Whichever lines of the entries hold the word "Foto" should be identified and copied.

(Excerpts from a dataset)
◇ ◇ ◇

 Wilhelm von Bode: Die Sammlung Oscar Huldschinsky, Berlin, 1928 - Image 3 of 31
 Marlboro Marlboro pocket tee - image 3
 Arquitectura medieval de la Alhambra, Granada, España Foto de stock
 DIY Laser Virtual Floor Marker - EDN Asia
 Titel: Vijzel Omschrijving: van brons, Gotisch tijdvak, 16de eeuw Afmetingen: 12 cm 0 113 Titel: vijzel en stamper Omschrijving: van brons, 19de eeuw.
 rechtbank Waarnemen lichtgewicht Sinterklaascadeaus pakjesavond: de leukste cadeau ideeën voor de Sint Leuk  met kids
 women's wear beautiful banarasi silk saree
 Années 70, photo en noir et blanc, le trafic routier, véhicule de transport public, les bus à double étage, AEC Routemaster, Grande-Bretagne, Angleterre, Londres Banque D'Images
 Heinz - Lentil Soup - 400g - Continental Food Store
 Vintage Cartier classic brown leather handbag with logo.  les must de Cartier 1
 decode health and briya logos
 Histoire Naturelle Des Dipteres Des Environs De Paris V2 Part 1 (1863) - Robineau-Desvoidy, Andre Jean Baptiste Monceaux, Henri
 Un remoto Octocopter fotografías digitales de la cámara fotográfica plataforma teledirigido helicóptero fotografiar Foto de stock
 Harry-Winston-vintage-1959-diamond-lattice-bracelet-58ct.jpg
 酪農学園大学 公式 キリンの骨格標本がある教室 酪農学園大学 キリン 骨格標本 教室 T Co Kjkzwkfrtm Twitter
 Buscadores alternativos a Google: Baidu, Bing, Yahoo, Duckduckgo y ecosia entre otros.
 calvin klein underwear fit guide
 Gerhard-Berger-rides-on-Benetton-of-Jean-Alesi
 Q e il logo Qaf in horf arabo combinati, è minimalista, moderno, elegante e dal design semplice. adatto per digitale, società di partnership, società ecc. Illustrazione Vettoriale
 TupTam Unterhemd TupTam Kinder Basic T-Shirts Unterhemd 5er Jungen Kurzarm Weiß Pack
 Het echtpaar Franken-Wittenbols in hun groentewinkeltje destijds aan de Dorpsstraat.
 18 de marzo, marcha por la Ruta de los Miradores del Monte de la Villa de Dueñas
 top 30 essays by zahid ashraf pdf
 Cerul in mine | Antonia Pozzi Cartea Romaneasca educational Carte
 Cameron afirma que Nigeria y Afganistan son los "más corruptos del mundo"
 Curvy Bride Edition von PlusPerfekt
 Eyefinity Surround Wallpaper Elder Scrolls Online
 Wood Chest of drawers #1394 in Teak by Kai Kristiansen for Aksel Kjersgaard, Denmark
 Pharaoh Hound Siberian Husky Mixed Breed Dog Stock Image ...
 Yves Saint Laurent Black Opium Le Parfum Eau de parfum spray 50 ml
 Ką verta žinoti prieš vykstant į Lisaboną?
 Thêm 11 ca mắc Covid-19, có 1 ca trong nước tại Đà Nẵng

◇ ◇ ◇

(RESULT FOR THIS TASK):
 Arquitectura medieval de la Alhambra, Granada, España Foto de stock
 Un remoto Octocopter fotografías digitales de la cámara fotográfica plataforma teledirigido helicóptero fotografiar Foto de stock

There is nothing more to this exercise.